**Try it**
From the records below, transcribe only the lines running from the one with "ポロカントリー RRL ビンテージ" through the one with "Vertigo of Color: Matisse, Derain". Keep both of those end lines.

**Supplied entries**
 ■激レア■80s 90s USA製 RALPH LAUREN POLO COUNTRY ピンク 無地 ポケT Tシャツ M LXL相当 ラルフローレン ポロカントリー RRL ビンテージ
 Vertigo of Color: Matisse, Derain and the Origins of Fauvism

==

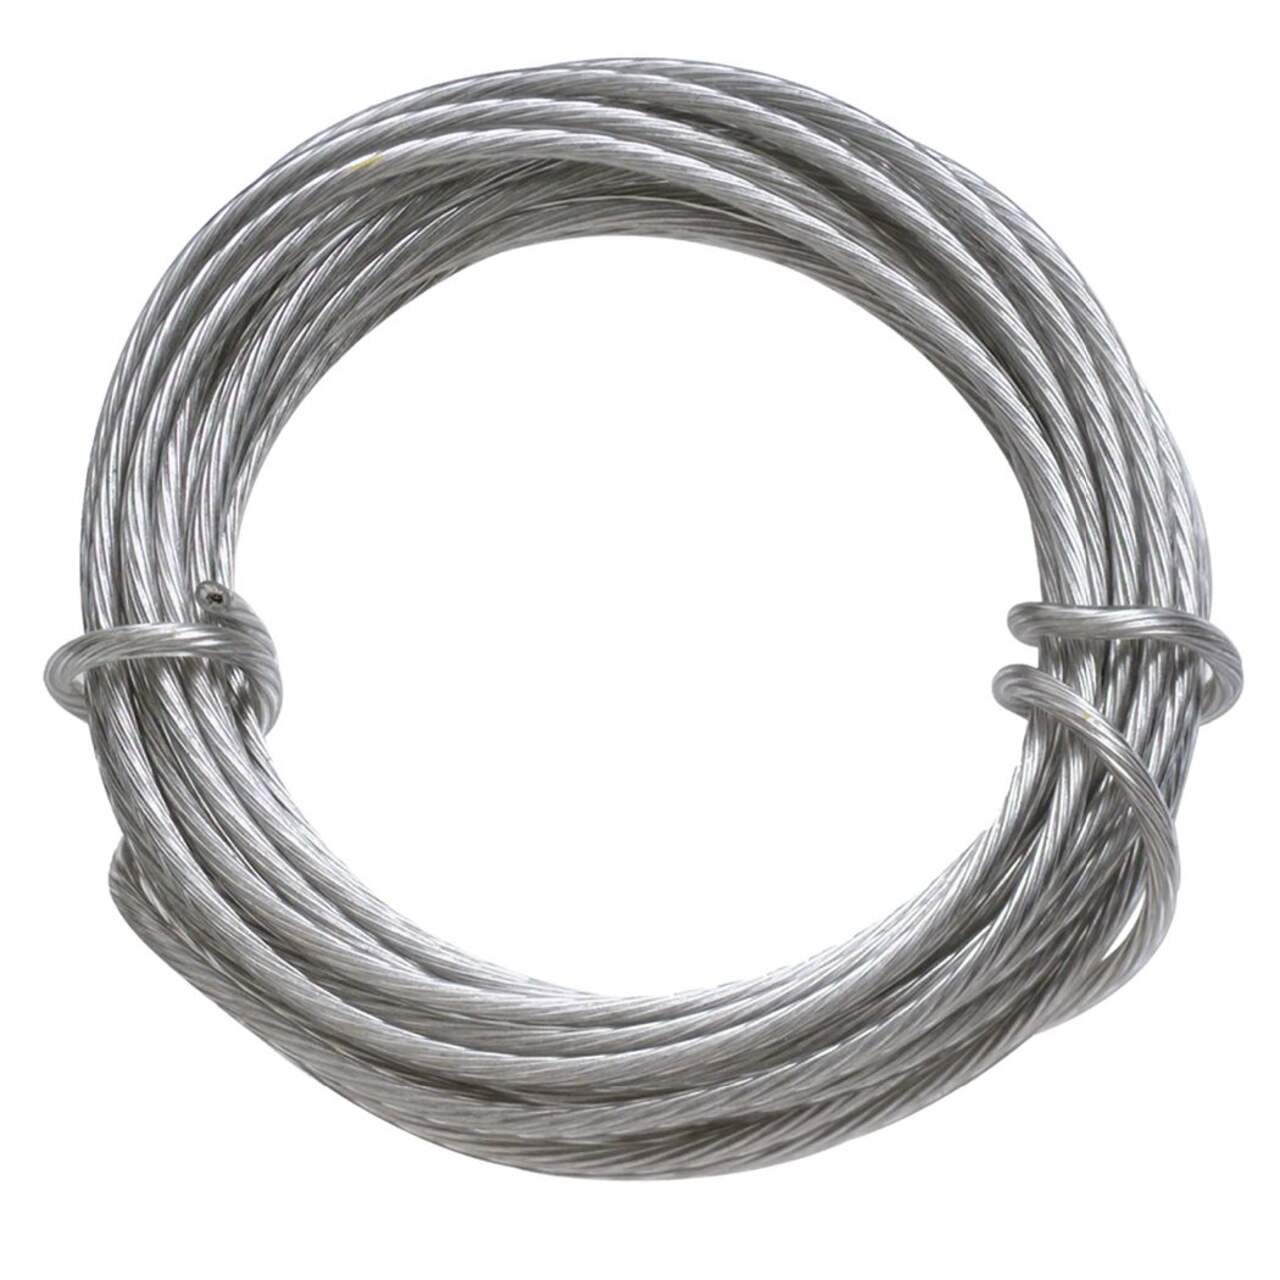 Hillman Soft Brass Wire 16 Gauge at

* * *

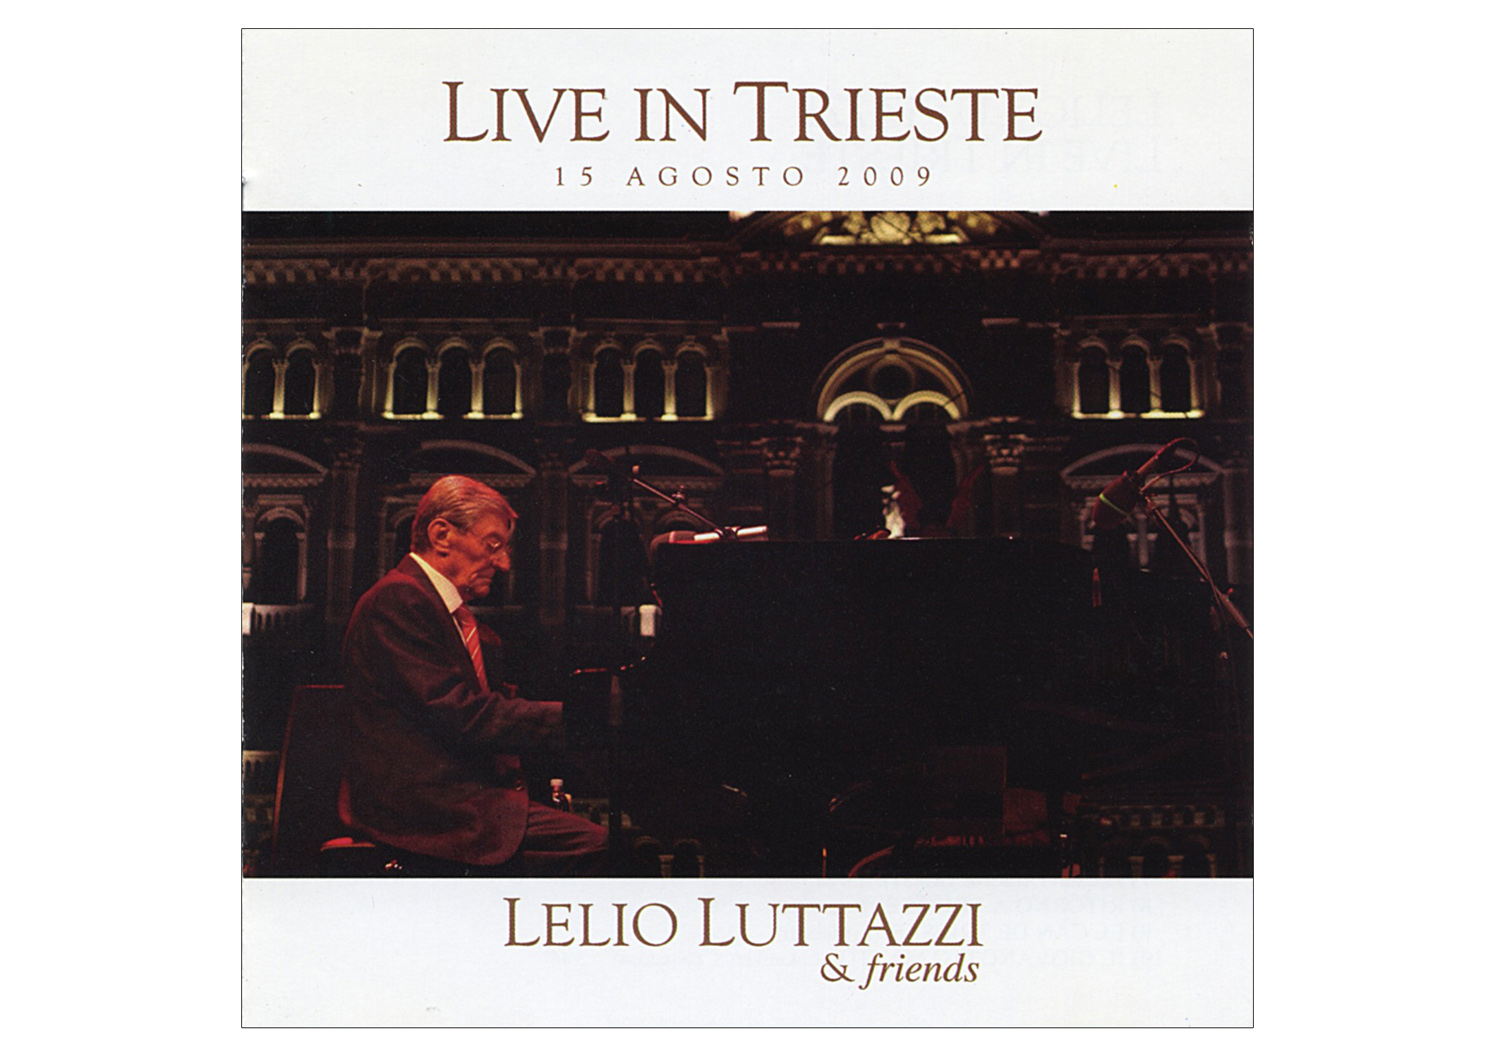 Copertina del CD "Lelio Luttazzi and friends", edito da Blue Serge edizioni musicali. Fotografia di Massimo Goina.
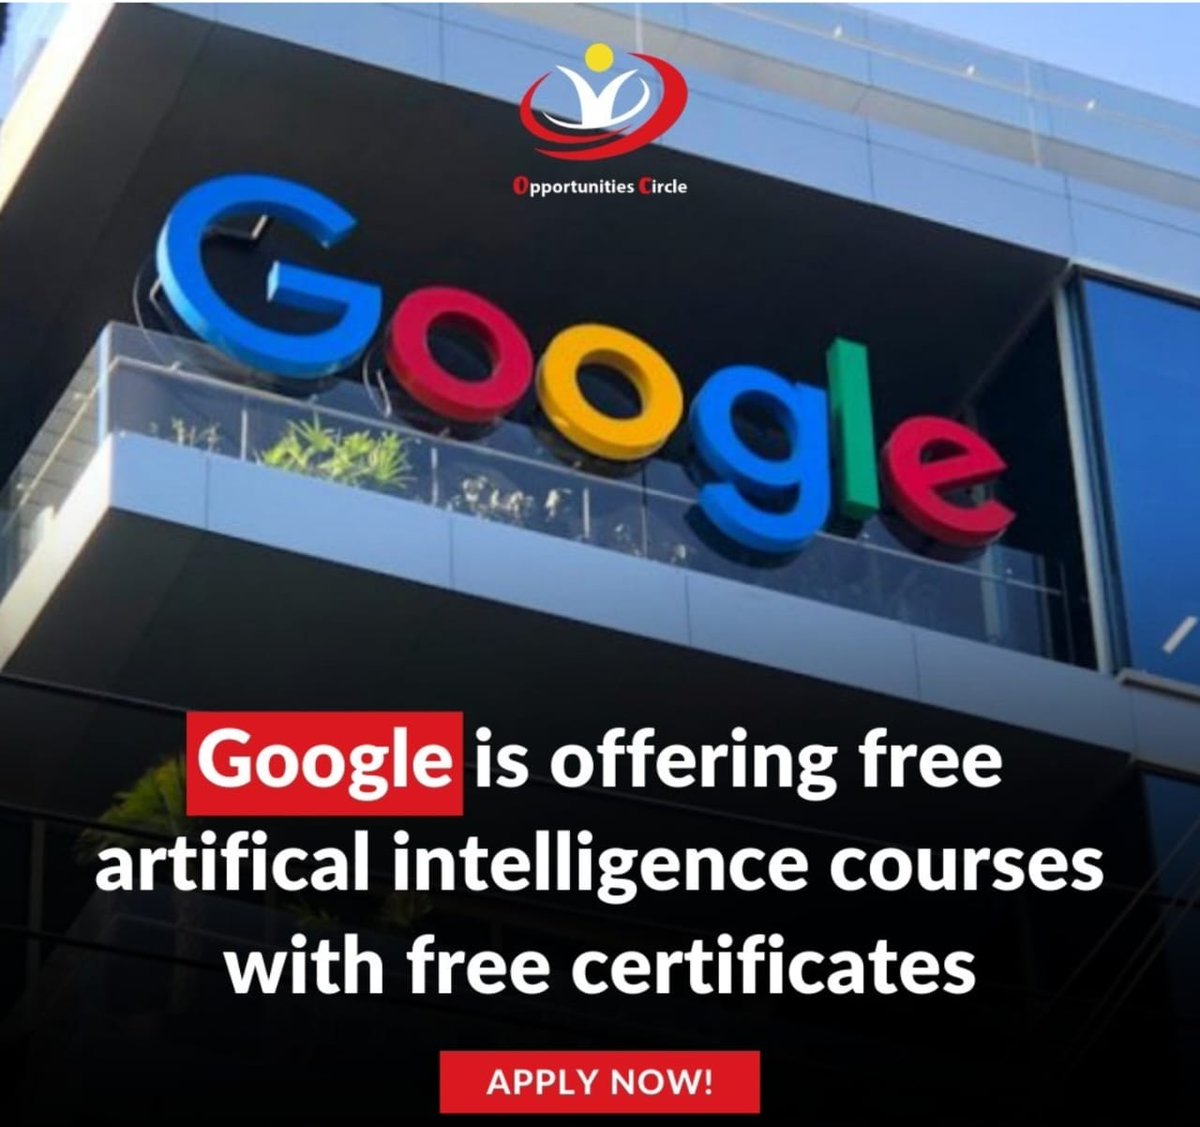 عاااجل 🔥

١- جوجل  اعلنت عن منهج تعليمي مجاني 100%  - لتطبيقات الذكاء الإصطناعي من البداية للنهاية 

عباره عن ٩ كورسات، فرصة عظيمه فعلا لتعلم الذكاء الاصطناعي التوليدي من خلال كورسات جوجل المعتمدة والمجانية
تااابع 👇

**Output below**
 ■激レア■80s 90s USA製 RALPH LAUREN POLO COUNTRY ピンク 無地 ポケT Tシャツ M LXL相当 ラルフローレン ポロカントリー RRL ビンテージ
 Vertigo of Color: Matisse, Derain and the Origins of Fauvism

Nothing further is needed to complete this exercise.